Meet Booker Noe. And don’t let the surname fool you—it may sound inconsequential enough, but the man was a Beam, Jim’s grandson in fact, making him a certified member of one of the oldest and most celebrated bourbon families to ever cross the Appalachians and set up a still. In charge of the company’s Boston plant for nearly forty years, he was responsible for the brand’s meteoric rise in the second half of the twentieth century, and in many ways its savior when things got rocky toward the century’s end. Most of the premium bourbons we know today were either directly born or indirectly inspired by an innovation of his that turned out to be not much of an innovation at all—in the end, Booker Noe stuck to what he knew and what he believed in, and as with Maker’s Mark, America eventually caught up. Or perhaps more accurately, came around again.
So just what was this bourbon innovation? Well, spend enough time with any master distiller, and sooner or later, he’s likely to show you his private stash. For men like Jimmy Russell at Wild Turkey, Parker Beam at Heaven Hill, Lincoln Henderson at Early Times, Elmer T. Lee at Ancient Age, and yes, Booker Noe at Jim Beam, bourbon whiskey was a high art. And no true artist can let a masterpiece go to waste. Accordingly, when an especially fine barrel of bourbon came along, it was not unusual to single it out, set it quietly aside, perhaps let it age a little longer than usual, and when the time was right, bottle it up for private consumption. For among the many perks of being a distiller, few were as pleasurable as having unfettered access to some of the finest whiskey in the world. Mr. Noe was known to be especially fond of his personal “Booker’s Bourbon,” even offering a sample of the small batch elixir to a Chicago Tribune reporter as early as 1974—its aroma was so rich, she could smell it across the room. Among cherished employees, old friends, and distinguished guests, Booker’s special bourbon quickly became legendary.

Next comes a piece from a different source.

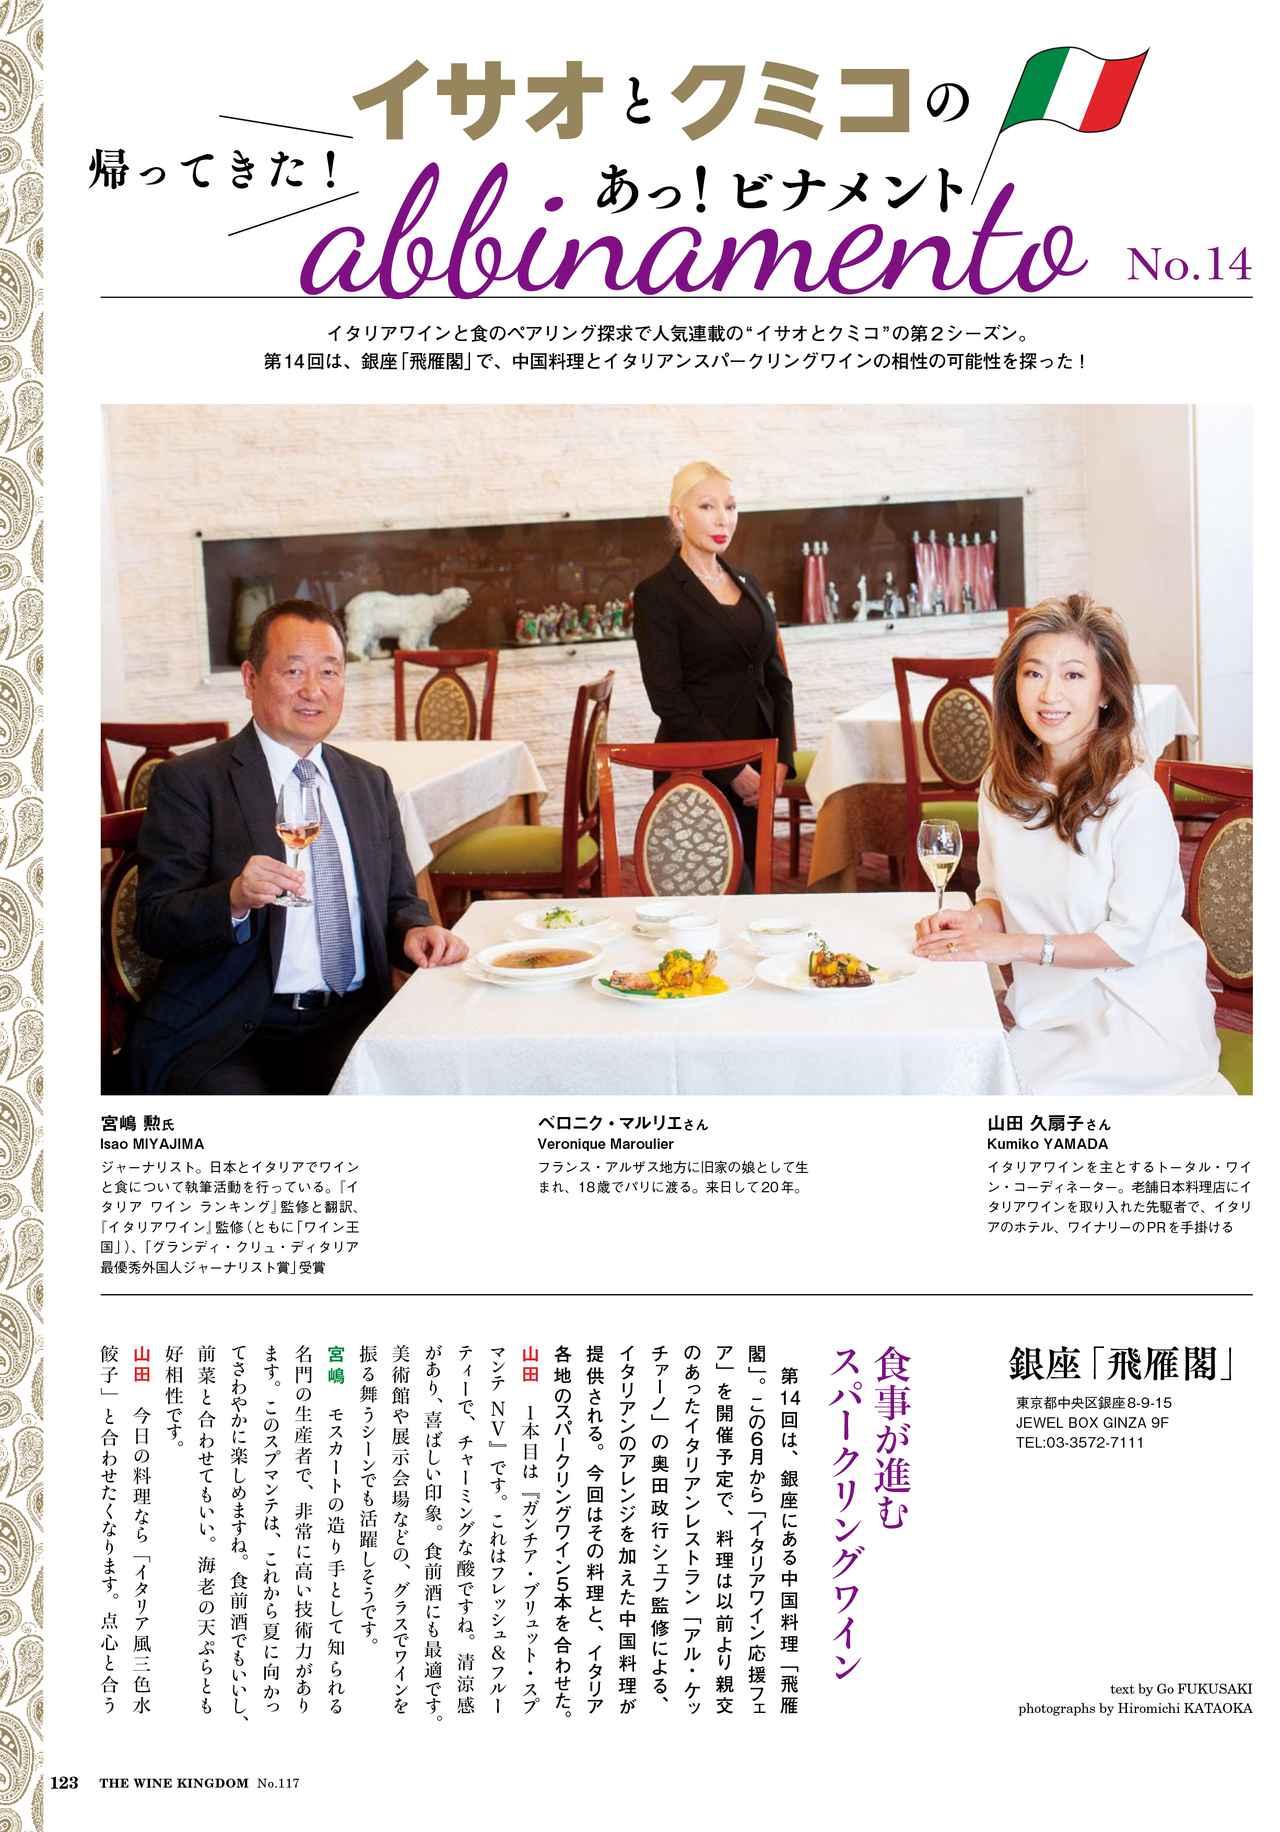 画像6: 『ワイン王国 117号』日本ワイン 注目のグラン・クリュを大特集/抽選で豪華商品もあり ラベルグランプリ開催

But it was never sold. For much of the master distiller’s career, there simply had been no market for a carefully crafted small batch bourbon, worthy of being sipped from a snifter like the finest of cognacs. Complex flavors, ephemeral bouquets, hints of toasted almond, citrus, and honeysuckle—such things had simply never been sought by the American consumer. Sure, the rare connoisseur or master distiller knew quality could exist in bourbon and ought to be savored, but for the average Joe plopping on a barstool or dropping by the liquor store, bourbon was expected to be cheap, simple, and eminently mixable. Heck, he probably had never held a snifter in his life.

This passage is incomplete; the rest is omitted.